# Good vacuum cleaner for pet hair?



## woky (12 mo ago)

I hope I'm in the right section.
There must be someone here who can give me an alternative tip as to which vacuum cleaner really helps against animal hair. The one I'm currently using just can't get the carpets really clean.
I've read some really good reviews about this model Dyson V7 Animal | ▤ Full Specifications & Reviews but I want to ask someone who used this model or similar one before purchasing it.
Can you maybe recommend me good vacuum cleaners that get dog hair out of carpets? Preferably without a bag?


----------



## Dohyde34 (May 23, 2021)

I'm curious as well.


----------



## drunkenpoacher (Dec 20, 2016)

woky said:


> The one I'm currently using just can't get the carpets really clean.

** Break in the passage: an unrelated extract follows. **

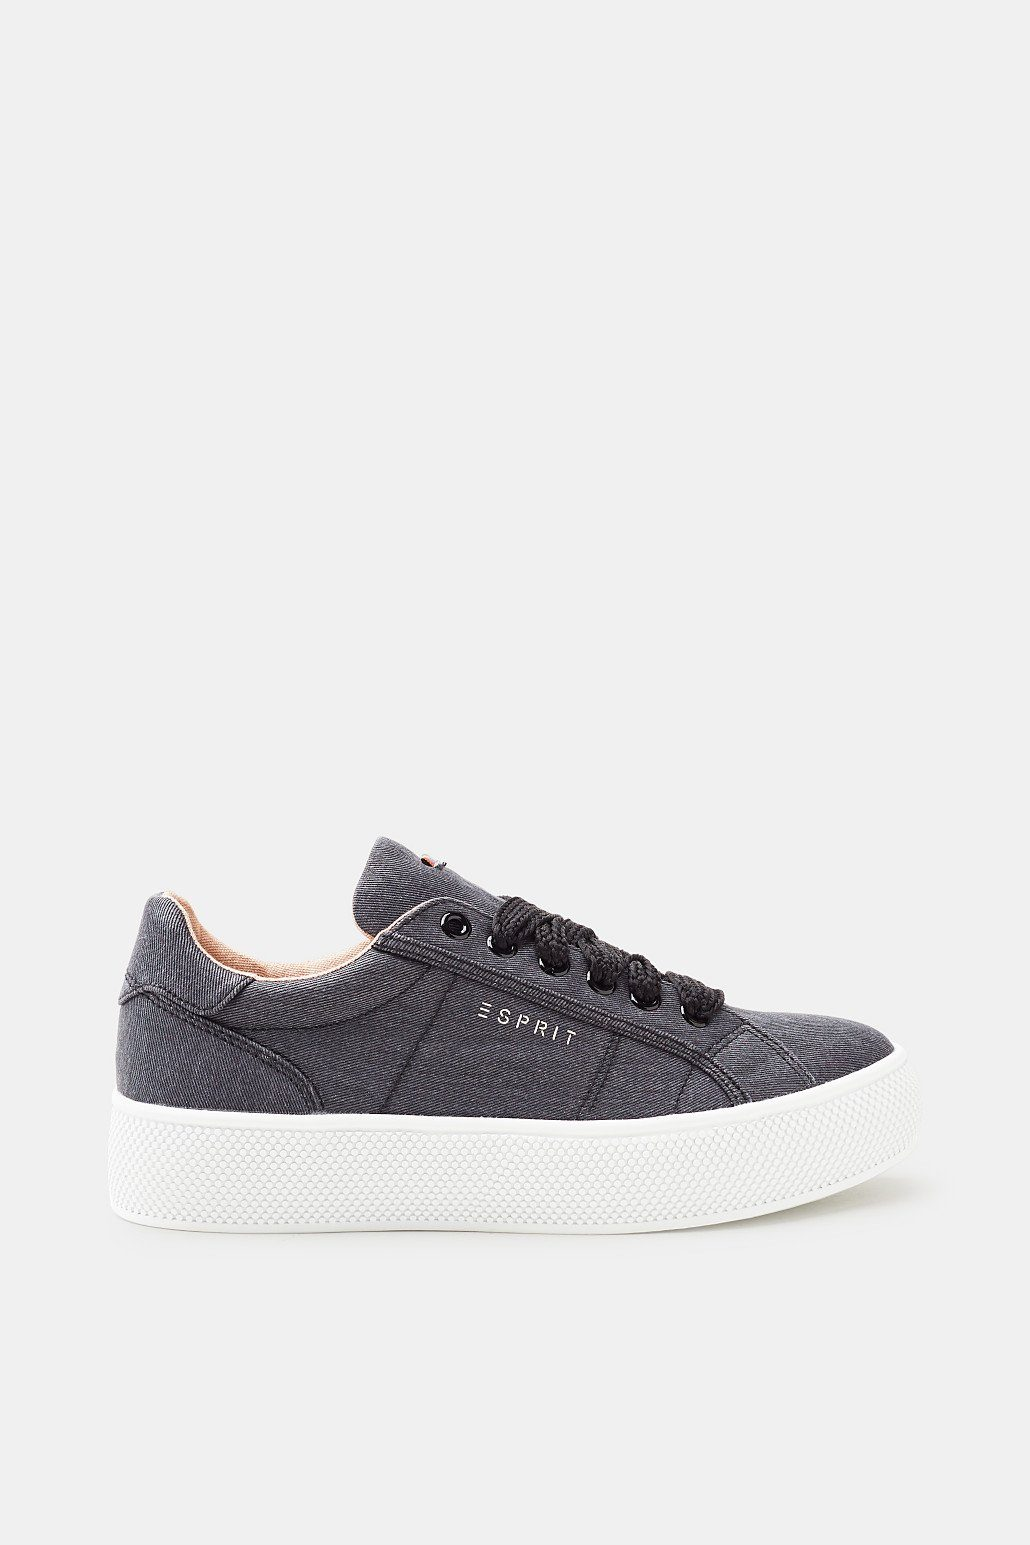 ESPRIT Plateau-Sneaker in Denim-Optik kaufen  BLACK

My carpet cleaner does an outstanding job. She's about 5'1" blond, very fit and cuter than a basket full of kittens.


----------



## Buck Mann (Apr 16, 2003)

We've used a Dyson Animal for years with good results


----------



## Don Smith (Mar 23, 2004)

Do a search. I'm sure there's an extensive thread on this.


----------



## Southern skies (May 16, 2019)

I just bought a dyson Animal 2 Ball for bare floor. It is a Beast works great


----------



## Zhizhastok (9 mo ago)

Hey! Yes, you are in the right section. I also use a Dyson vacuum, and I can say that it is worth the money. This is a very common problem for pet owners. It was very difficult for me to find a good vacuum cleaner to fully help me clean my pet's hair from the carpets. I have a Persian cat, and it is so fluffy. It has white hair, and the whole house was full of cat hair. Besides bothering me to have a house full of cat hair, my cat choked itself because of the hairballs in our house. I got a vacuum cleaner from Dyson, which is high quality, and it helped me get rid of all the hair in the house, and it helped my cat not choke itself. Also, I put into practice the solutions from cleverpetowners.com and also helped my cat a lot.


----------



## Eric Johnson (Dec 23, 2004)

I just bought a Bissell Crosswave X7. I like it a lot except for small jobs. If you use for 5 minutes or 45 minutes it still takes about 15 minutes to clean and reset. Mind this uses a liquid so you have to wash out two tanks (clean water and dirty) and re-assemble t. So, for just scattered clumps I go back to my 10 yr old Dyson. However, when I use the Bissel the floor really shines.


----------